Ну, что? Нужны еще какие-нибудь дополнения к портрету времени? “И что? — скажет привередливый читатель. — И кинофильм └Бригада” — портрет времени. И пресловутые └Менты” тоже портрет времени. Нашли чем удивить! Да за что ни возьмись, все будет портретом времени — и Бушков, и Донцова, и Дуглас Коупленд в придачу”. Так, да не так. Помните, у Ильфа и Петрова есть замечательный прозаический дивертисмент по поводу мира большого и мира маленького. В одном — дерзновения, открытия, предел человеческих возможностей, а в другом — мелкие комфортные (раньше бы сказали — мещанские, теперь принято говорить — гламурные) удовольствия и усовершенствования: мир героев и мир Барби. И с литературой ведь все ровно (как любят говорить в Москве) так же. Ну, в какой, скажите, “Бригаде” возможен такой финал: “Прекрасен закат, полыхает небесное пламя, и тает воск. Не долетим. Но лететь-то есть смысл только туда, вот в чем дело”! Далекий от пафоса и дидактизма Кабаков все же не в силах удержаться от обозначения (в своей версии) единственно достойного пути дерзающего и познающего человека.

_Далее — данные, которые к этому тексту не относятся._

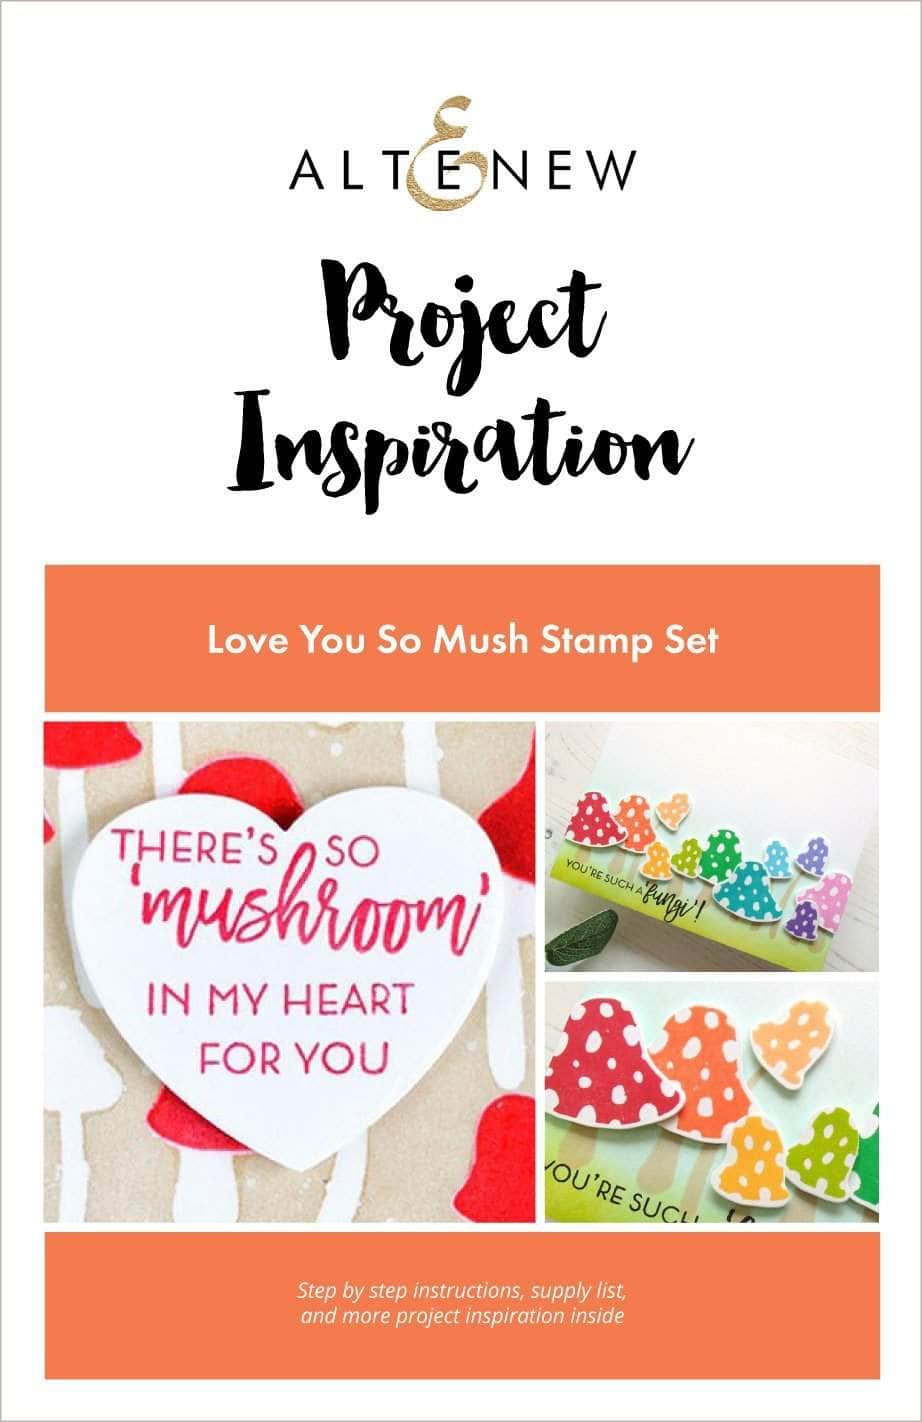 Printed Media Love You So Mush Project Inspiration Guide

Теперь о последнем его опыте в большой форме, с которой в свое время, собственно, и началась тотальная популярность прозаика. Роман с обнадеживающим названием “Все поправимо” (как тут не вспомнить двухлетней давности стихотворный сборник тридцатилетнего москвича “Все плохо”, забавная рифма, связывающая два поколения, верно?) в трех книгах с прологом и эпилогом. Классическая толстовская триада (Детство. Отрочество. Юность) здесь развернута в пятидесятилетнюю “московскую сагу”, “заточенную” на одного героя (все остальные только фон и повод для поступков и решений): детство/отрочество — юность/молодость — зрелость/старость. И во всех трех книгах — мучительная для героя загадка предательства: кто? Кто и зачем это сделал? В первой книге — донос эпохи борьбы с космополитизмом, погубивший его отца, во второй — донос эпохи оттепели, сокрушивший лучезарные планы героя, фарцовщика и стиляги, а в третьей их несколько: это и непонятно кем взорванный старый друг и сооснователь дела, это и неостановимые, но невидимые силы, выжимающие героя из этого самого дела, это и таинственные хакеры, опустошившие на последних страницах романа его счета и доведшие до дома престарелых, это и странная старуха пифия, встреченная в международном аэропорту (фирменный лейбл Кабакова — проницаемость действительности для сил мистических, необъяснимых, но по-булгаковски абсолютно органичных да и дозированных писателем с гомеопатической точностью)… “Ты притягиваешь предателей, — говорит одна из многочисленных любовниц героя, — потому что сам многих предал”. Но предает Миша Салтыков исключительно своих бесчисленных женщин, а такое ли уж это, положа руку на сердце, большое предательство с биологически неискоренимым (такими Бог создал!), хоть и окультуренным гаремным мужским сознанием? Да и преданные женщины все как одна, даже немыслимо настрадавшаяся жена, по русскому обычаю прощают его, до конца сохраняя если не испепеляющую страсть, то, по крайней мере, теплые чувства и интерес к судьбе родного для каждой Миши.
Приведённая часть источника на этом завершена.